The comparison values will vary over time, but right now, that ought to mean that Louisiana should go near the head of the line for Federal medical assistance, testing allocation priorities, provision of protective masks for health providers, and logistical and engineering assistance from Federal stockpiles and personnel like the Army Corps of Engineers, and US Pubic Health Service personnel support. This is a science-based assessment, despite the fact that we have a Democratic Governor leading our response. We will wait to see if the Federal Allocation Gods wear a blindfold, or take instructions by tweet. It may be a difficult decision, since Louisiana cast its electoral votes for Trump. But the Governor, while a distinct moderate, is still of the wrong political stripe.
This new analytic chart can also be used to compare Louisiana to other World countries of interest, such as France, Germany, China and Italy. Here is a chart from WorldometerTracking that illustrates the point.
The absolute case numbers aren’t the best relative comparison.
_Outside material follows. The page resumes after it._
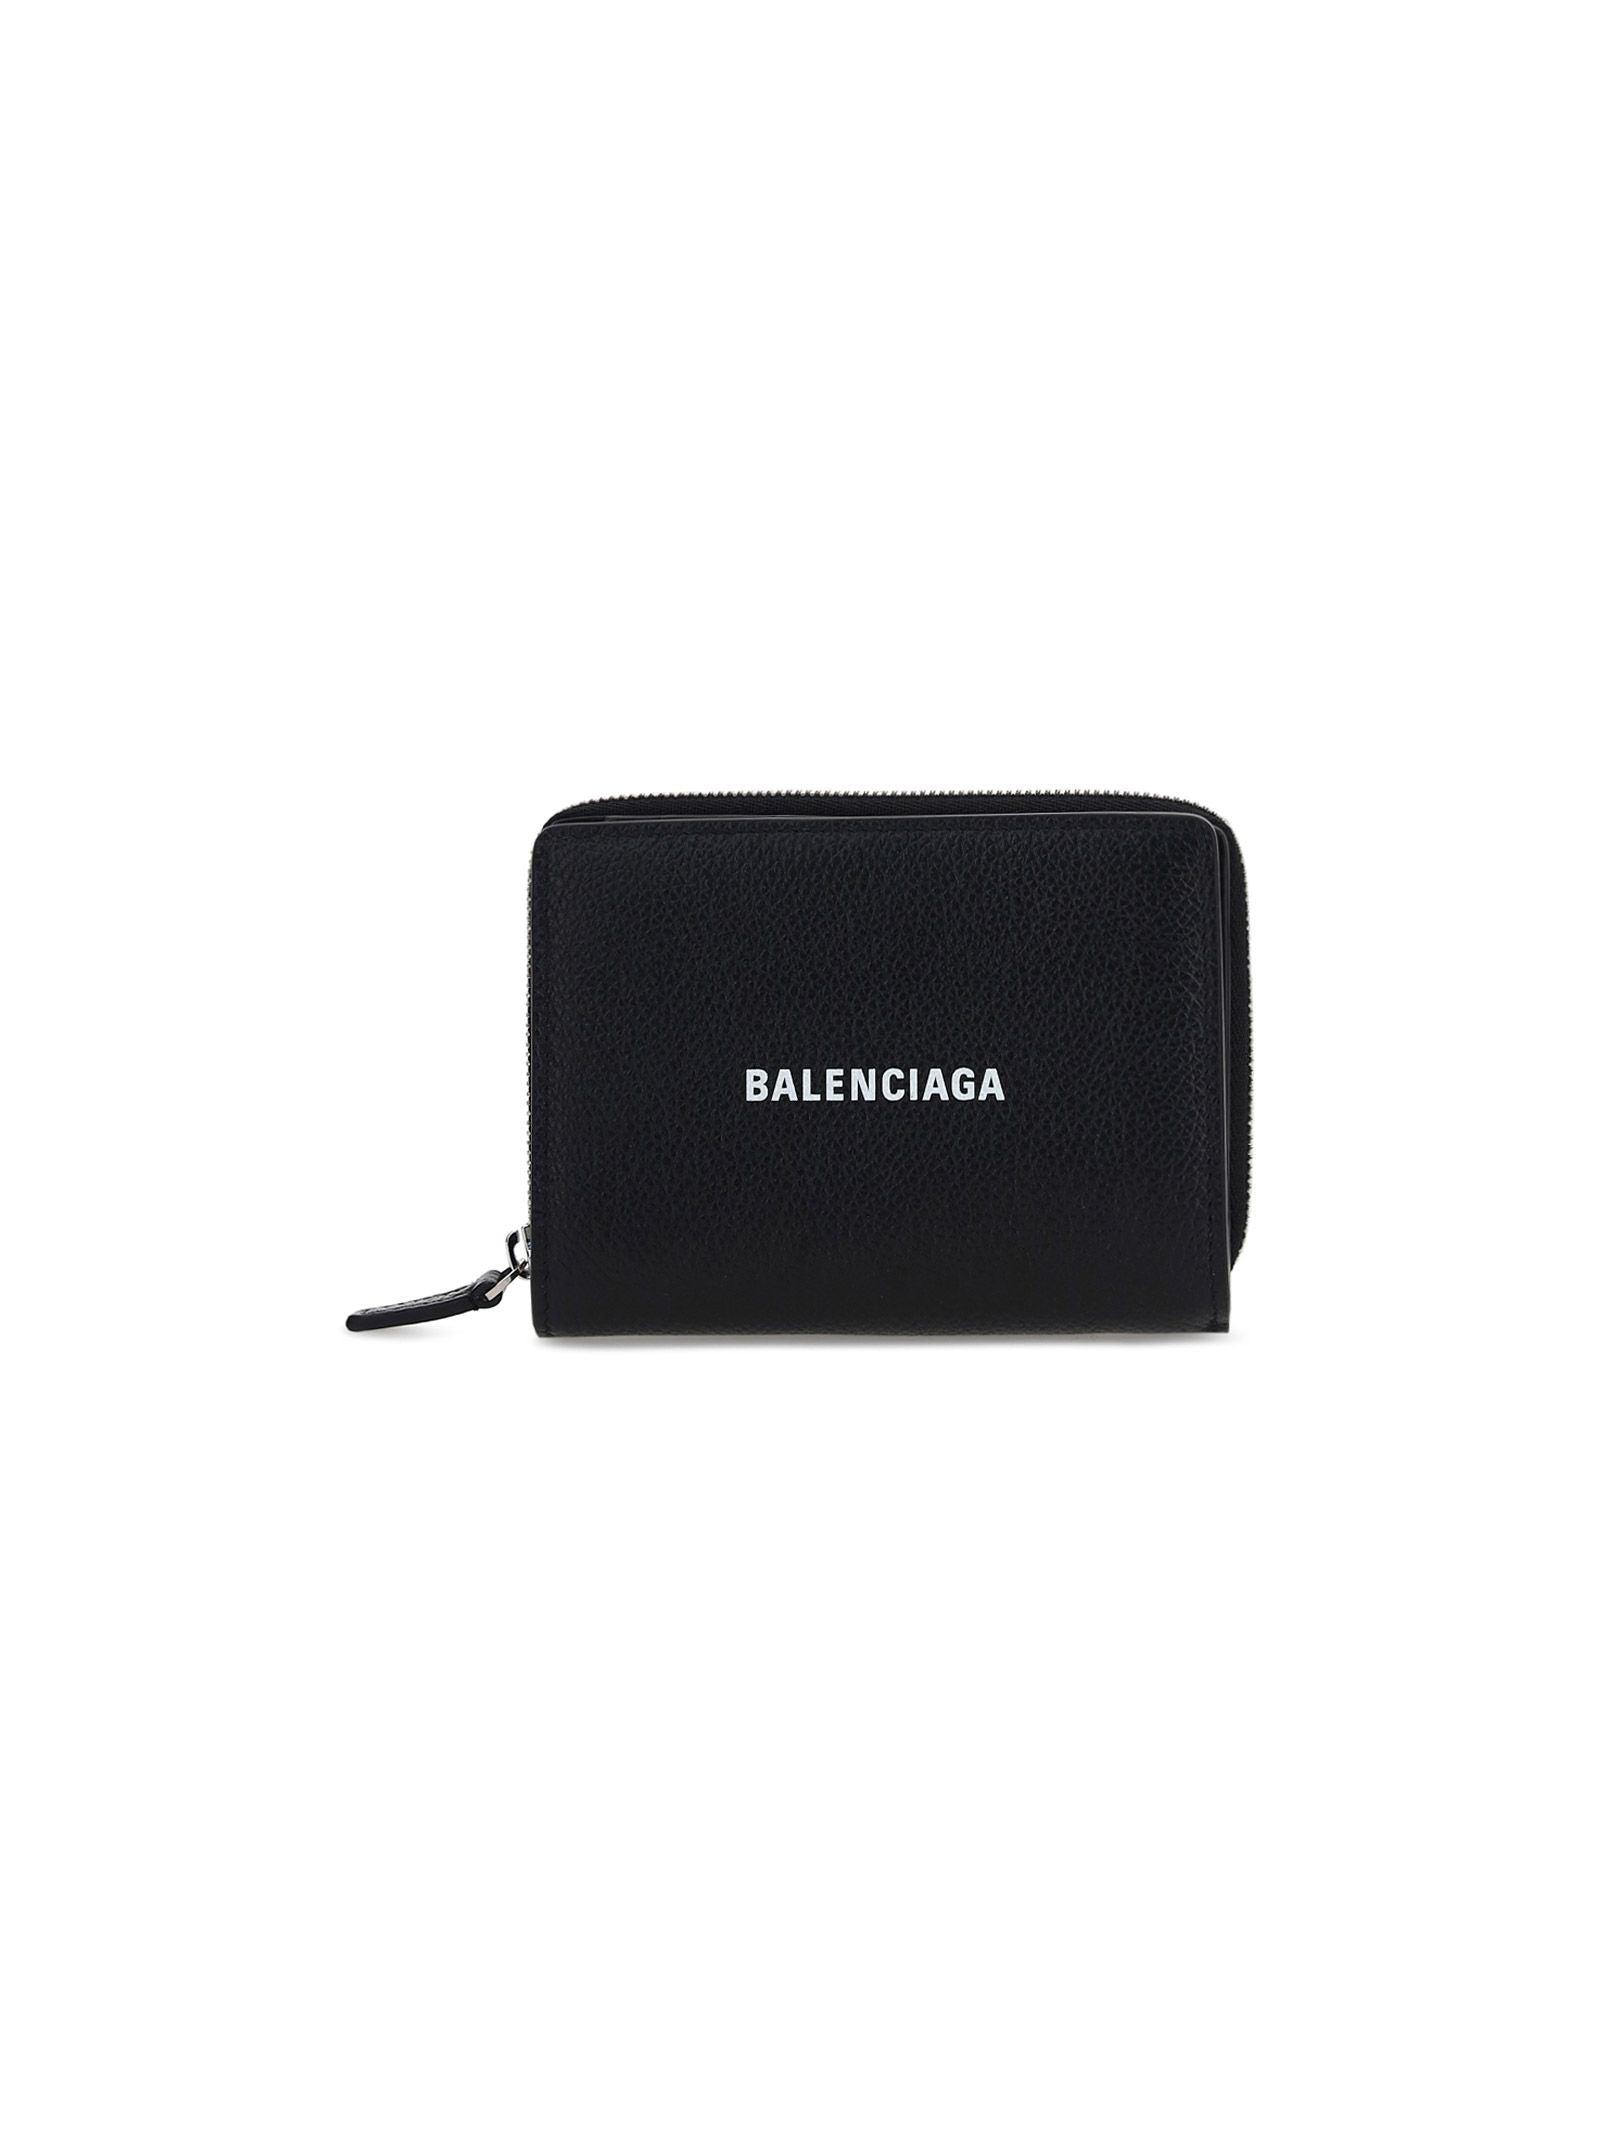 Balenciaga Leather Wallet in Black for Men | Lyst

We can see that Louisiana’s current rate is nearing that of China (56-which has slowed its rate growth dramatically after 4 months) and is roughly 1/3 that of Germany (112) and France (118) which are still in the rapid epidemic growth phase. And Louisiana’s rate is currently less than 10% of that found in Italy (521). All these rates except that of China are on the way up and growing significantly but this is a snapshot in time, as the US tries to implement American style social distancing with a moderate hand, in hopes of falling well short of the European experience model. Again, these are approximations, but they don’t take days of computer programming and Monte Carlo simulations to get a reasonable idea of where we are now.
As the data accumulates more specific and detailed analyses can be done, say by age groups, or population density in each US state, which is not the same thing as total population. But you have to start somewhere, and this is a good place to do that.